This is Marcia Lane, your roving reporter.
Even as public school students went back to school via the Internet, school officials learned Monday the state education department is recommending schools remain closed to May 1. Putnam, Flagler and St. Johns school superintendents indicated they were going along with the decision. The extension came as districts, teachers and students were figuring out online classes. Some students learned to their shock that teachers could follow exactly where else they were going on the Internet even while lessons were taught. District officials say some hiccups were apparent as thousands took to the new system. Putnam Superintendent Rick Surrency said the district would continue to work out kinks as the new education norm continues.
Putnam County businesses quickly responded to a request from the Putnam County Chamber of Commerce and the Putnam School District Friday to let students access their WiFi networks. Problems with Internet access were expected as students sought hot spots where they could connect and get lessons. Public libraries in Putnam as well as the Chamber and several of the Tax Collector offices made access available. More than a dozen businesses stepped up ranging from Crystal Cove Resort to City Coin Laundry to The Oaks Country Club to Beck Auto.
For April the Putnam Community Food Pantry held every first Thursday of the month is being cancelled. St. Monica’s Catholic Church in Palatka hosts the monthly event.
Don’t believe everything you see on Facebook. Latest fake news is the Florida Fish and Wildlife Conservation Commission is fining people for fishing. It isn’t so. They are enforcing the rule that people in boats must stay 50 feet apart. That comes with a fine for those who don’t obey the rules. Some people reportedly have been breaking the rules about distance and having no more than 10 to a boat. A sandbar at Browns Landing in Putnam County has long been a popular spot for gatherings especially for younger people and reports are a number were there Sunday. Expect FWC to be watching that closely.

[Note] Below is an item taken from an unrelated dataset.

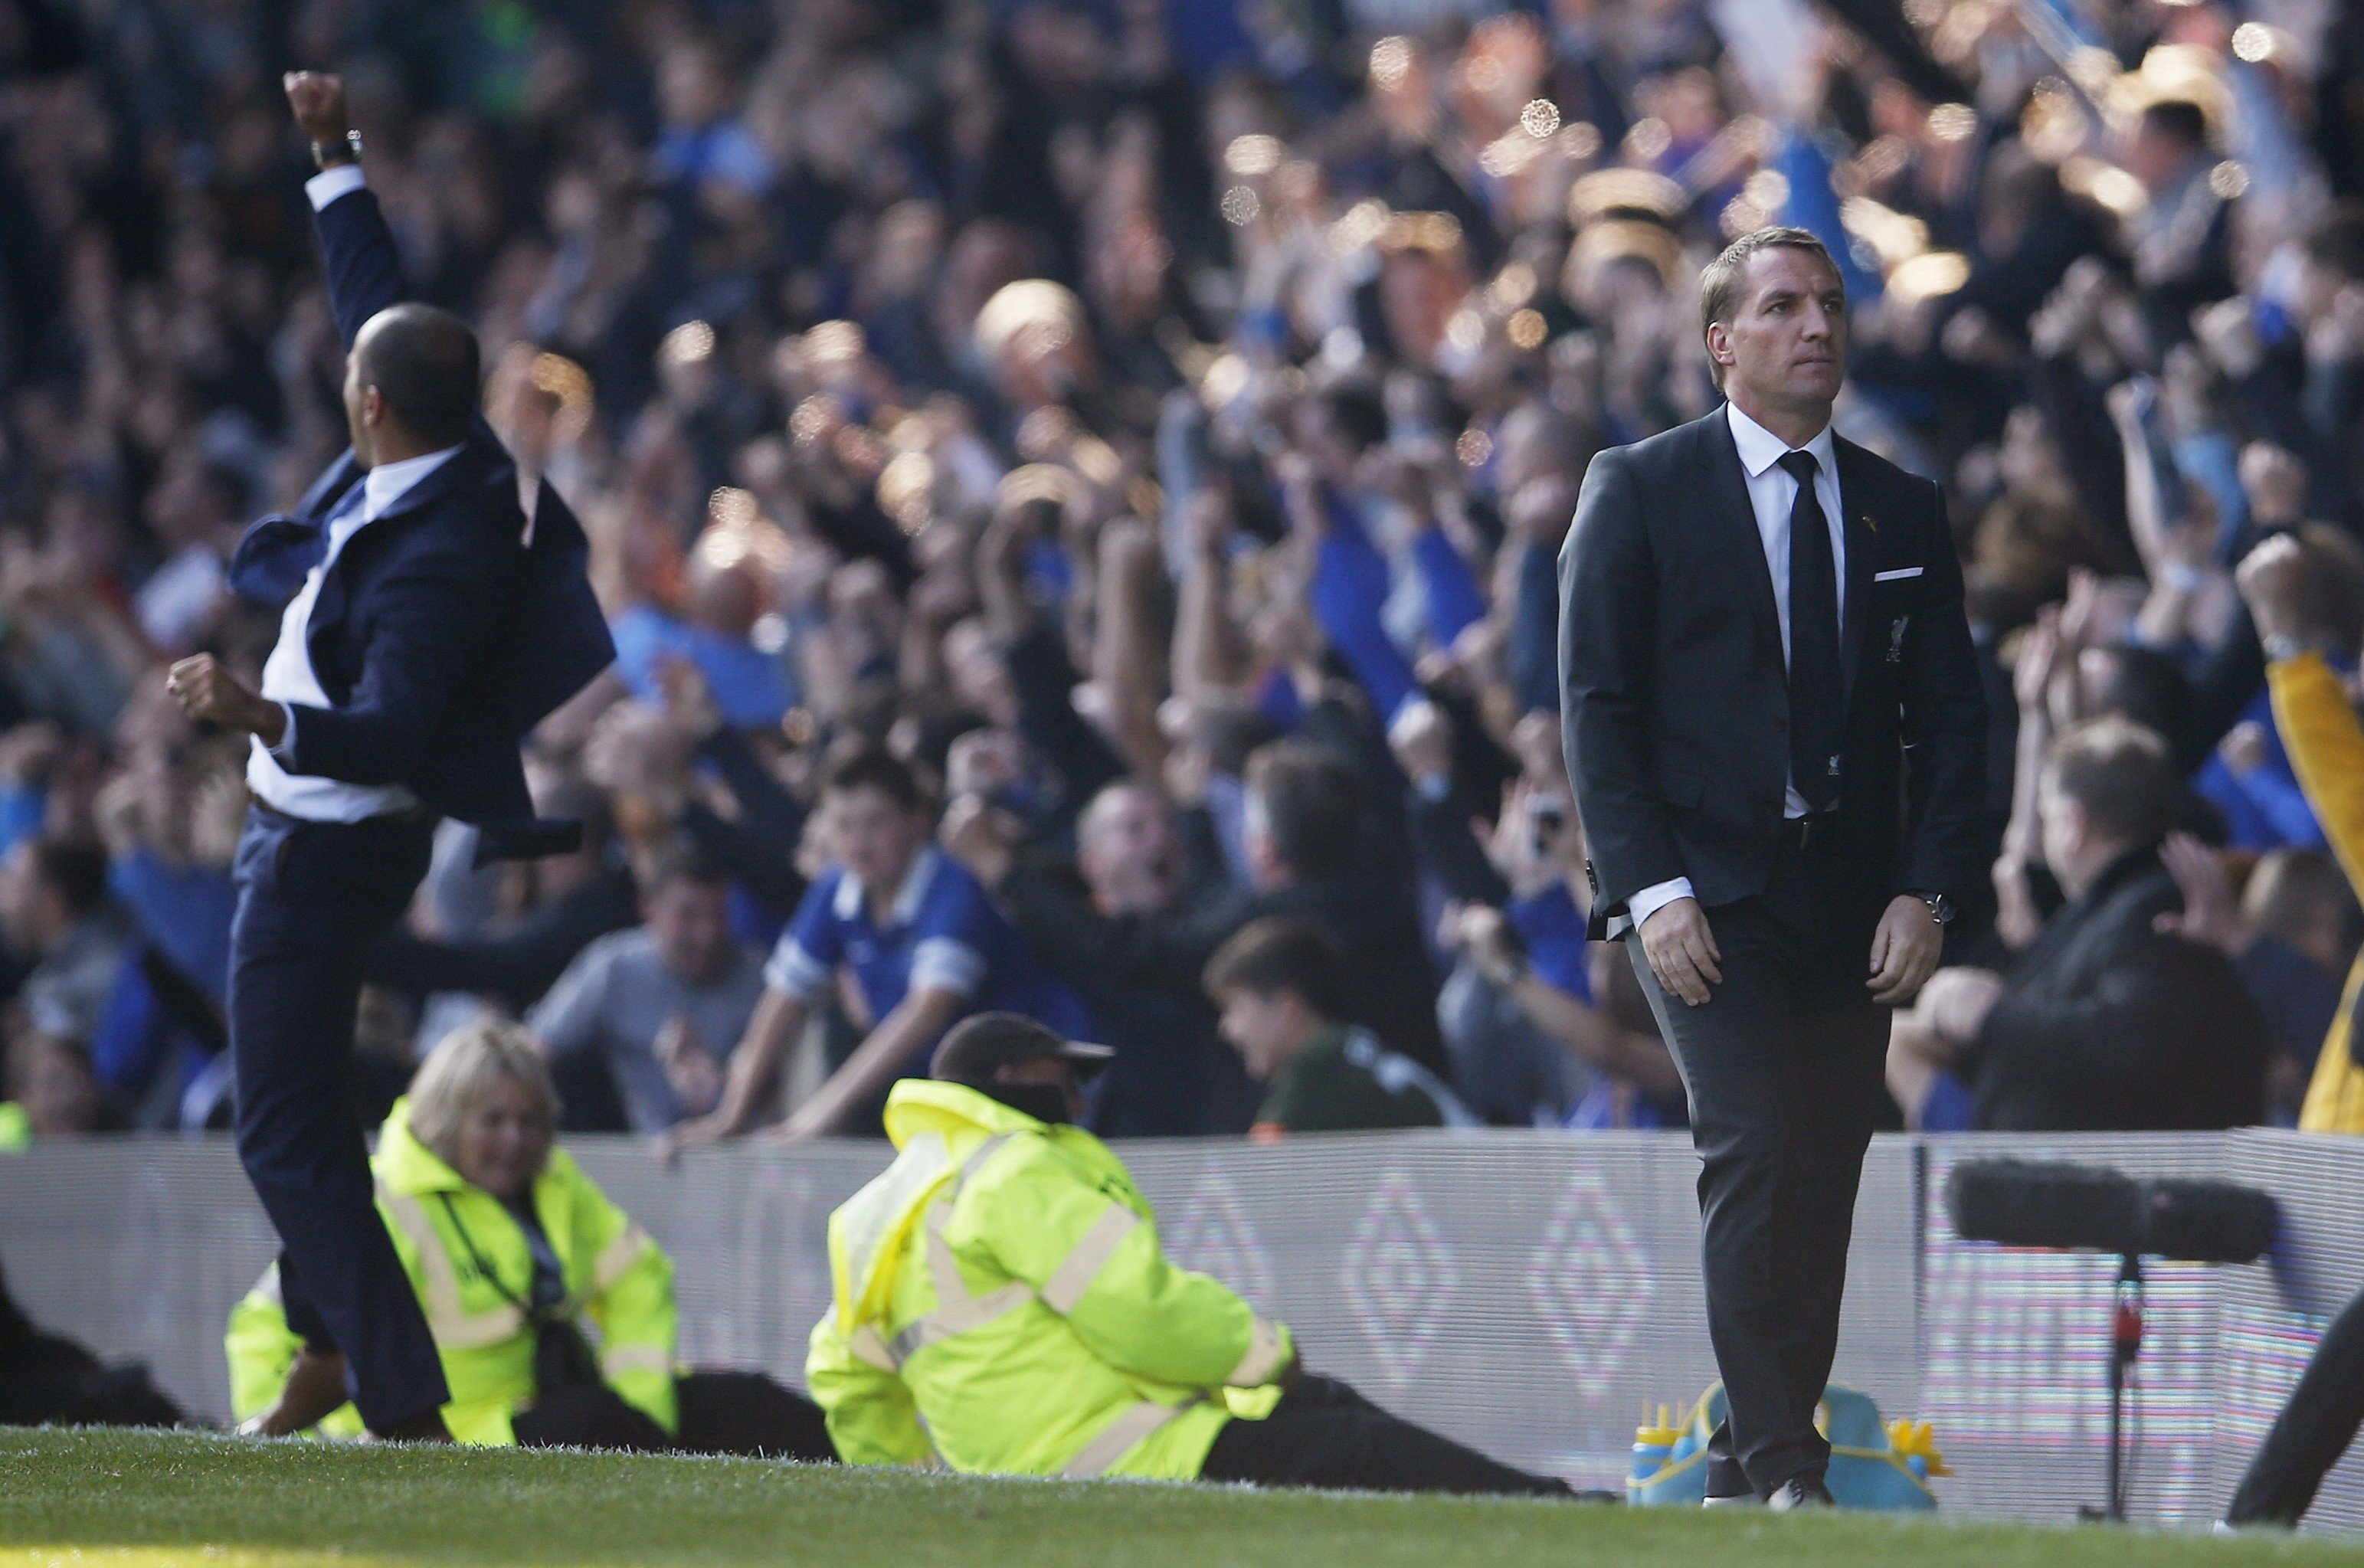 Brendan Rodgers was sacked after Liverpool drew 2-2 in the Merseyside derby at Everton in 2015. Photo: Reuters

Boat ramps continue to be open in St. Johns and Putnam counties. Flagler County parks are closed but some boat ramps are open. That should continue as long as people obey social distancing rules although some parking areas are reportedly crowded with people in cars and that could lead to problems.
A St. Augustine High School’s head athletic trainer has been arrested for allegedly filming a female student changing clothes. Darrell Andrew Crews, 38, was arrested Sunday and made bail on Monday. Superintendent Tim Forson said he was “appalled by the behavior of Mr. Crews.” He’s recommending termination of Crews. The victim, now an adult, was filmed several times. Crews recently sent her a screen shot asking if she knew about the photo. He later ended up sending her 25 text messages asking her to get rid of the photo and tell no one. She informed authorities.
Putnam County’s coronavirus count Monday went up to 13 people infected with the virus. The latest is a 50-year-old Palatka woman. Flagler County has 14 and St. Johns County 56. Testing is available but only if people show symptoms. Those include symptoms of fever, cough and shortness of breath. Also, being around someone diagnosed with coronavirus and being 65 plus years old, having underlying health conditions and being a health care worker or first responder.
Stacey Manning, who was county attorney for Putnam County, has a new job. He’s deputy county attorney for Volusia County and is in DeLand. Manning was hired in 2015 in Putnam and served as interim county administrator for part of that period. After repeated disagreements with Commissioner Jeff Rawls, Manning turned in his resignation in March of last year. A county attorney hired after him also quit and the post is waiting to be filled permanently.
Farmers are among those feeling the sting from coronavirus concerns. County Line, the very popular vegetable stand on the Putnam-St. Johns line, is closing as of today. Owners Brad and Kelly Bland made the decision reluctantly but say it’s in the best interest of employees, customers and their health. “Corn will be ready soon, so we’ll certainly be back,” wrote the family in a Facebook post. They’ve been in business 54 years and this is only the second time they’ve closed. The first was in 1983 when a hard freeze killed produce. Other stands have or are closing with farmer’s markets in St. Johns taking a hard hit now that public gatherings are curtailed. For blueberry farmers in the Putnam and Alachua areas the coronavirus is leaving them uncertain what to do. Many u-pick-‘em operations will have to make a decision in the next month as the berries ripen. The annual Bostwick Blueberry Festival set for the end of April was canceled several weeks ago.